Cluster is inoperable again. In lxd logs are records about some offline members:
... t=2021-11-24T14:51:13+0300 lvl=warn msg="Excluding offline member from refresh" ID=2 address=10.59.0.200:8443 lastHeartbeat=2021-11-24T13:50:45+0200 raftID=2 t=2021-11-24T14:51:13+0300 lvl=warn msg="Excluding offline member from refresh" ID=3 address=10.59.0.201:8443 lastHeartbeat=2021-11-24T13:50:38+0200 raftID=3 t=2021-11-24T14:52:39+0300 lvl=warn msg="Excluding offline member from refresh" ID=4 address=10.59.0.202:8443 lastHeartbeat=2021-11-24T13:52:11+0200 raftID=4 t=2021-11-24T14:52:39+0300 lvl=warn msg="Excluding offline member from refresh" ID=2 address=10.59.0.200:8443 lastHeartbeat=2021-11-24T13:52:10+0200 raftID=2 t=2021-11-24T14:52:39+0300 lvl=warn msg="Excluding offline member from refresh" ID=3 address=10.59.0.201:8443 lastHeartbeat=2021-11-24T13:51:57+0200 raftID=3 t=2021-11-24T15:00:13+0300 lvl=warn msg="Excluding offline member from refresh" ID=3 address=10.59.0.201:8443 lastHeartbeat=2021-11-24T13:59:44+0200 raftID=3
This nodes are physically online and lxd daemon is loaded on it.

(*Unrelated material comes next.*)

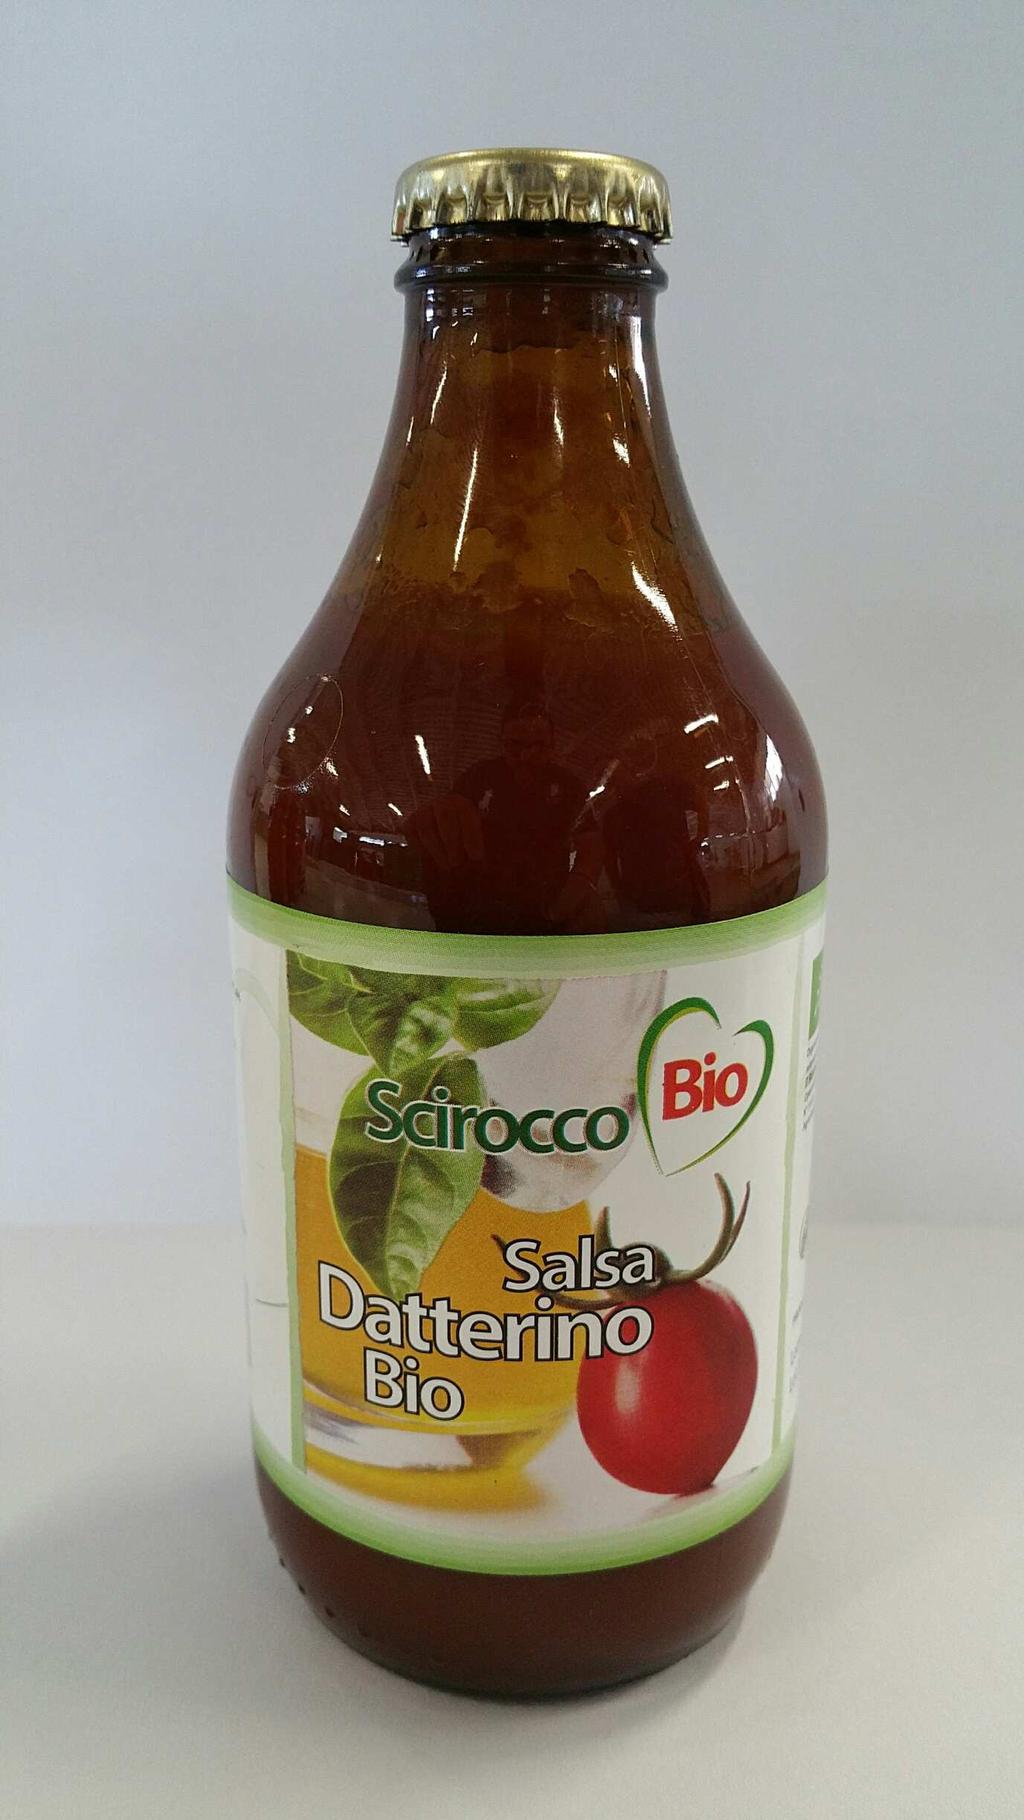 SALSA DI POMODORO CILIEGINO BIO INGREDIENTI: Pomodoro ciliegino da agricoltura biologica (95% min), olio extravergine d oliva, sale.
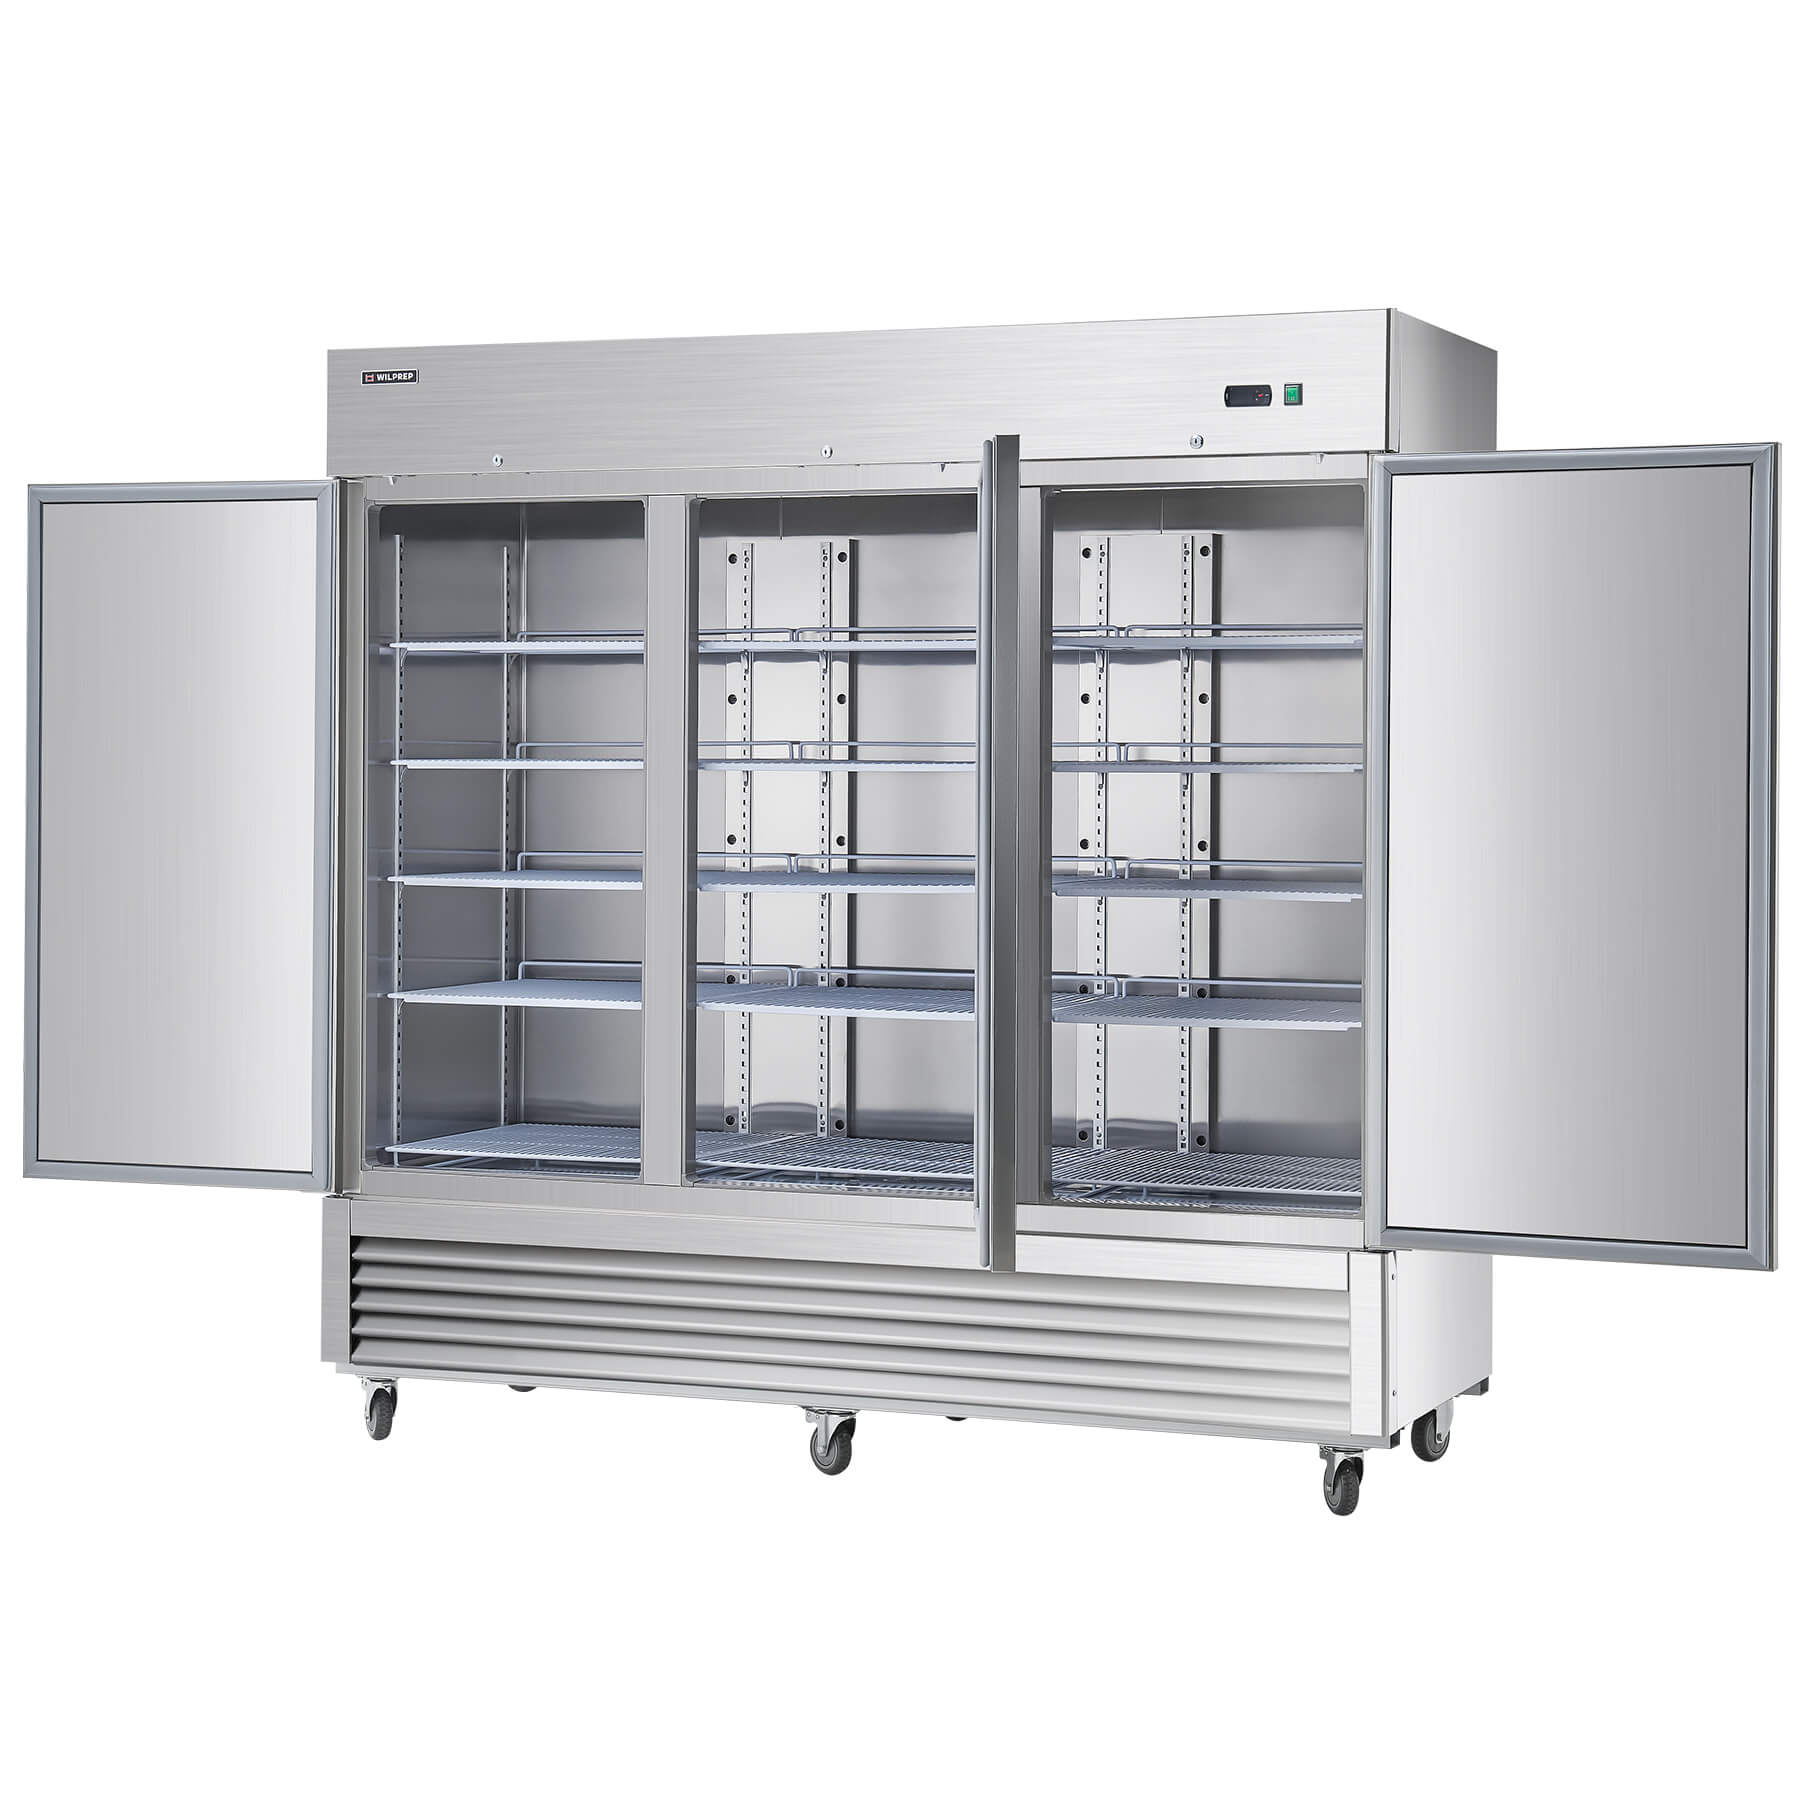 81" Triple Door Commercial Freezer  60.9 cu. ft Capacity

It’s a SQLite checkpoint that will not write to disk normally, it moves transactions from the WAL to the main database, but these are all in-memory in dqlite’s case. (see Write-Ahead Logging. )
@solo Can you start lxd with the environment variables LIBRAFT_TRACE=1 and LIBDQLITE_TRACE=1 on the problematic node, this will write a bunch of tracing to stderr, might help me identify the issue.